On Saturday morning, with cameras in tow, Barack Obama was canvassing the streets of Mayfair. At a lot of the houses, no one answered.
"This reminds me of my days campaigning to be a state senator," Obama told his companions. "Only there was no media, and there were more slammed doors."
In this presidential campaign, few doors have been slammed in the face of the Illinois senator. And he has kicked in some on his own, putting himself in a strong position to win the Democratic presidential nomination over Hillary Rodham Clinton.
Obama is fond of telling crowds that he is reminded constantly, if not by events then by his wife, Michelle, that he is "not a perfect man." For his campaign, the final stretch before the Pennsylvania primary has been not a perfect time.
"I would say we had good days and we had bad days," his communications director, Robert Gibbs, said today, looking back.
Consider all that has happened recently, all of it with a Pennsylvania connection:
Last Wednesday, in the Philadelphia debate, Obama stumbled at times, struggling with a series of questions (which many of his supporters denounced as trivial and unfair) about his past associations and the flag lapel pin he doesn't wear.
The Friday before, Obama and company were rocked by the news that the candidate had described small-town Pennsylvanians as "bitter." He had to spend days explaining what he meant.
To respond to the controversy over his former pastor, Obama chose Philadelphia for his speech on race.
If any of this was bothering Obama in the final days, he hasn't let it show, even as he lashed out at Clinton for what he called her "slash-and-burn" tactics.
"I don't get too high when things are high. I don't get too low when things are low," he told the editorial boards of The Inquirer and Daily News last week.
"I've gotten my share of knocks and made some mistakes during the campaign, and I think I've held pretty steady throughout."
There's little question, though, that these events have complicated Obama's attempts to attract undecided voters in a state with a Democratic electorate that is tilted, demographically speaking, in Clinton's favor.
After closing the gap in the early part of April - thanks largely to spending millions of dollars on television - he had to keep doing everything right to overcome the remainder of Clinton's lead. And he hasn't. His state poll numbers have been stuck in the low-to-mid 40s, about a half dozen points behind her.
That hasn't stopped him, as he traversed the state, from continuing his playful romance with his fans.
At Wynnewood, the first stop on his Saturday whistle-stop train tour, he started talking about his rally on Independence Mall, perhaps the largest of his entire campaign with an estimated turnout of 35,000.

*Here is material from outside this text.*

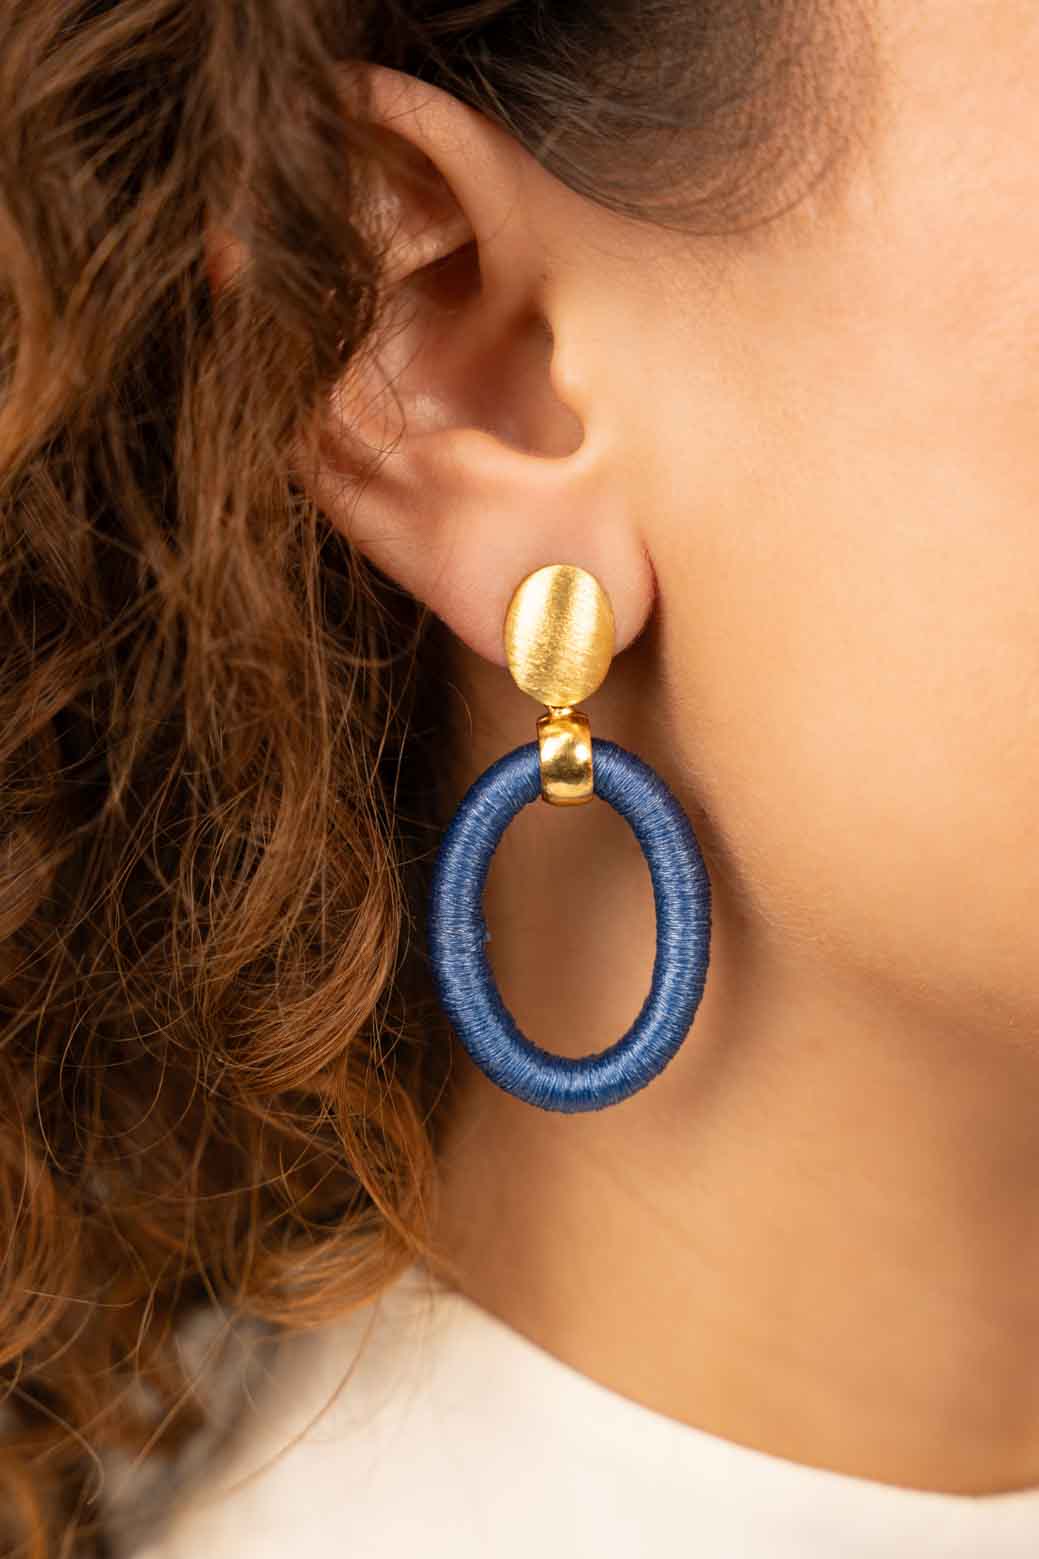 Blue oval earrings threaten S Faye

"I was there!" someone shouted.
"I saw you," Obama replied to the delight of the crowd.
That night, on the steps of the Capitol in Harrisburg, he was interrupted as he began to speak by the stirrings of several hundred people far off to his right.
"Can you hear me over there?" he asked, picking up their cause for concern.
"No!" they yelled.
"Well, you could hear me when I asked if you could hear," he said, chuckling, turning to the rest of the crowd. "That was kind of a trick question."
The sound system was repaired, everyone got to hear, and the candidate delivered his fifth speech of the day, this one more energetic than the ones before.
His supporters, for the most part, remain enthralled, with many of them expressing both admiration for the way he has handled his difficulties and agreement with him in calling them mere "distractions."
"They're manufactured problems," said Ruth Martelli, 63, of Reading. "I'm supporting him because he represents for me what this country should be."
"When somebody turns something negative against him, he addresses it, explains it and moves on - I like that," said Cate Kager, 49, a resident of Erie who changed her registration from Republican to Democrat for Obama. "I've hated politics. Now, I've got bumper stickers on my car, and I'm working phone banks for him."
"No one is perfect; imagine if Thomas Jefferson or Abraham Lincoln had microphones under their mouths all the time," Rita Tarves, 56, of Havertown, said of his difficulties. "I've been a pretty staunch Hillary supporter. But he's been pulling at my heels the whole time."
The voters get to decide tomorrow whether Pennsylvania will slam the door in Obama's face or decide, after a long and erratic courtship, to welcome him in.